Sunday 14 November 2010

A comeback for the student radicals

It must seem like pretty small beer in a week when Aung San Suu Kyi finally walked free after twenty years under house arrest, but the opposition to higher tuition fees is showing signs of turning into the sort of student movement not seen in Britain since the sixties. Some people, buoyed up perhaps by utopian memories of the ‘summer of love’ see this as something to be welcomed, I’m not so sure.

One Wednesday the number of people who took to the streets of London to march in protest against the cuts took both the police and the National Union of Students (NUS) by surprise, the prediction was for 5000, on the day 50,000 turned up armed with placards. That might have been good news for the NUS had a small minority not grabbed the headlines by invading the headquarters of the Conservative Party located in Milbank Tower.

The ‘radicals’ behind this then gave their more reasonable fellow campaigners a further headache by attacking any criticism of the incident as ‘unrepresentative’ of their movement. They went on to say, in a statement given to the press and not endorsed by the NUS that they were willing to ‘fight to win’ and if that meant more broken windows and scuffles with the police so be it.

During the week students at Manchester University occupied a building on campus in protest at rising tuition fees and cuts to higher education funding and the science and technology fair at Cambridge was interrupted by angry protestors.

The official NUS position was to say that the rioting outside Milbank Tower was ‘shameful, disgraceful and counter productive’ and in doing so they were quite correct and almost certain to be ignored. A media keen to make its audience’s flesh crawl concentrated instead on the, again unofficial, statement made by lecturers at Goldsmith’s College praising the ‘magnificent anti-cuts demo’ and saying that the real violence being done was the ‘destructive impact of the cuts and privatization that will follow if tuition fees are increased.’

The authorities at Goldsmith’s distanced themselves from the comments saying they ‘in no way reflected’ the official view taken by the college. It was though too little said way too late, the media machine has started to spin and will only end its cycle when the overreaction is complete.

There is no question that if tuition fees rise in line with government’s plans the thought of being in debt for decades will put many people from less affluent backgrounds from going to university, in the process depriving our country of much needed engineers, doctors and other professionals. In a world where the balance of economic and political power is shifting eastwards turning the university system into a playground for Sebastian Flyte and his chums is the last thing we need to do.

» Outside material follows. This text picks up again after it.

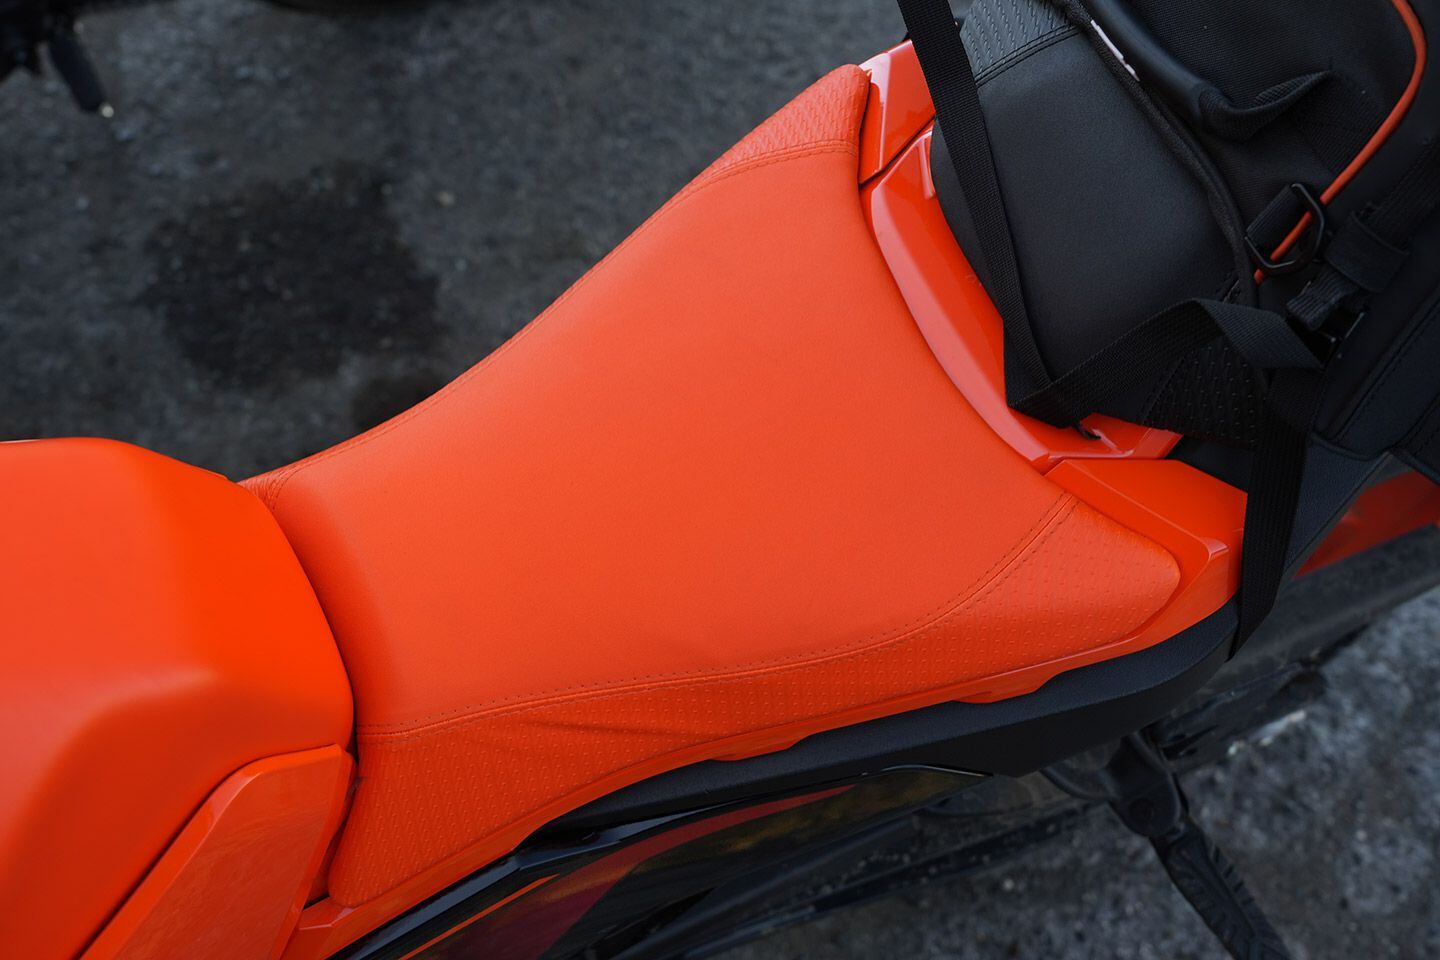 The rider’s seat looks nice, but it is thinly padded and one of the components we’d upgrade if the bike was ours.

The thing is though direct action of the sort that took place on Wednesday only makes that outcome all the more likely. Protest has its place in a democracy, but it has to be peaceful and backed by a set of coherent alternative policies.

That, alas, is something the campaign against higher tuition fees conspicuously lacks. They’re long on outrage, as is the Labour Party which, in the shape of Harriet Harman standing in for Ed Milliband at PMQ’s this week, sought to pin Nick Clegg to the wall over his pre election opposition to putting fees up; but they constantly duck the difficult questions.

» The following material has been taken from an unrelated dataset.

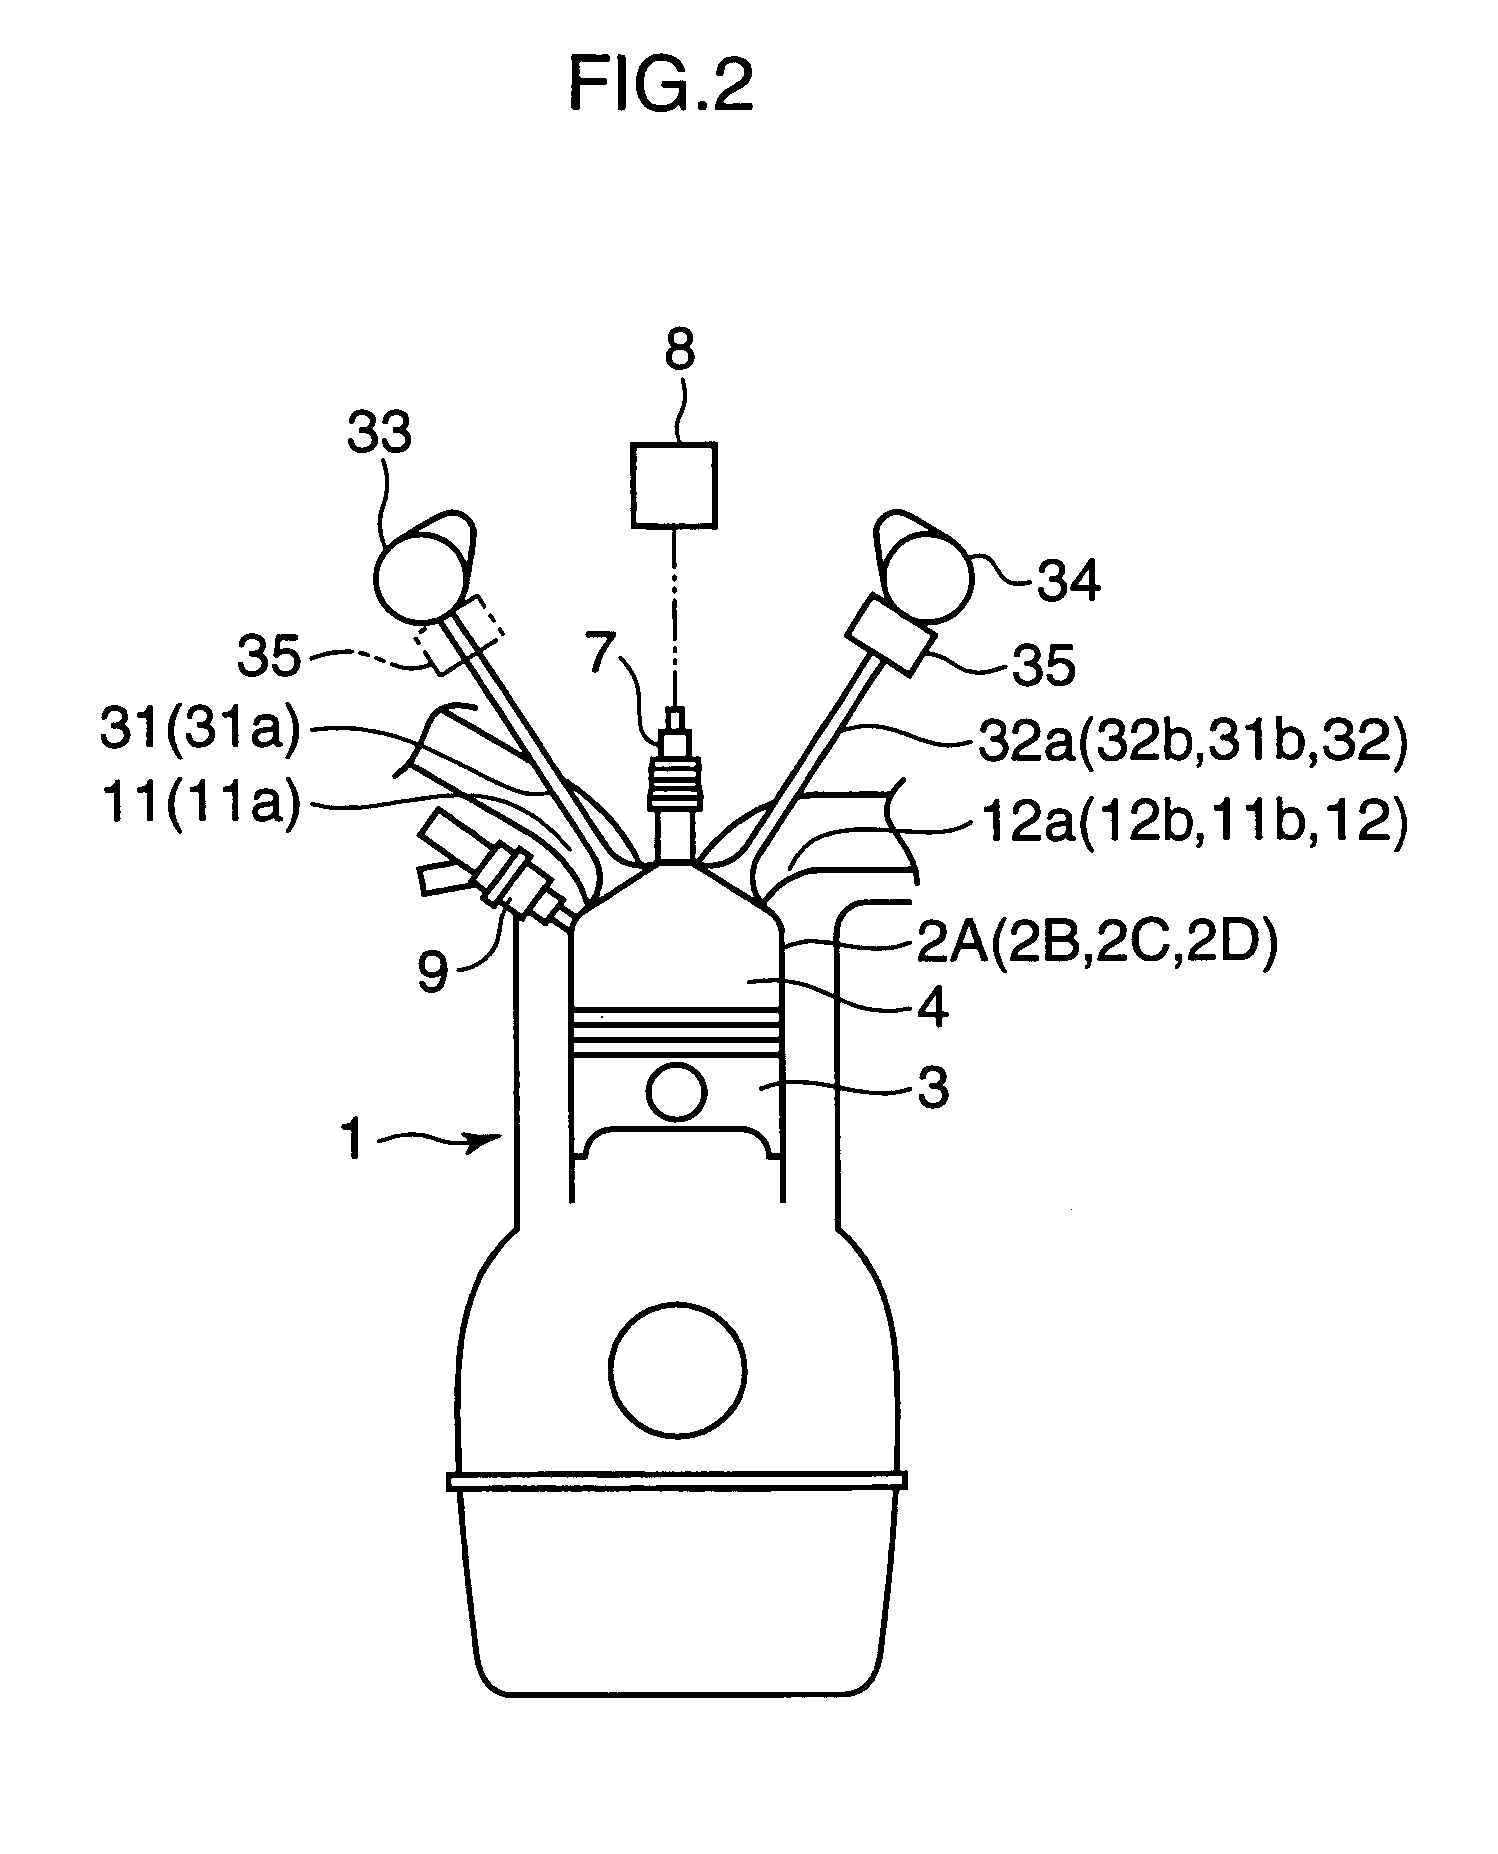 Spark ignition engine control device

If raising tuition fees is wrong should taxes be put up instead? It’s a legitimate position, to invest in tomorrow you have to go without today, but a tough one to sell to the public. Maybe tuition fees are the lesser evil and more should be done to encourage companies and wealthy individuals to set up bursaries to help the less fortunate pay for their education?

I don’t have the answer to the questions asked above, but I do know how we might go about finding it and its got nothing to do with throwing rocks at police officers. It involves reasoned argument and a willingness to make compromises for the greater good; the nuts and bolts of effective democracy.

That will, undoubtedly, seem rather timid to the student radicals high on adrenaline and self righteousness, but without policies tested by reason the student movement, if that is what we saw born on Wednesday, will grind to a halt.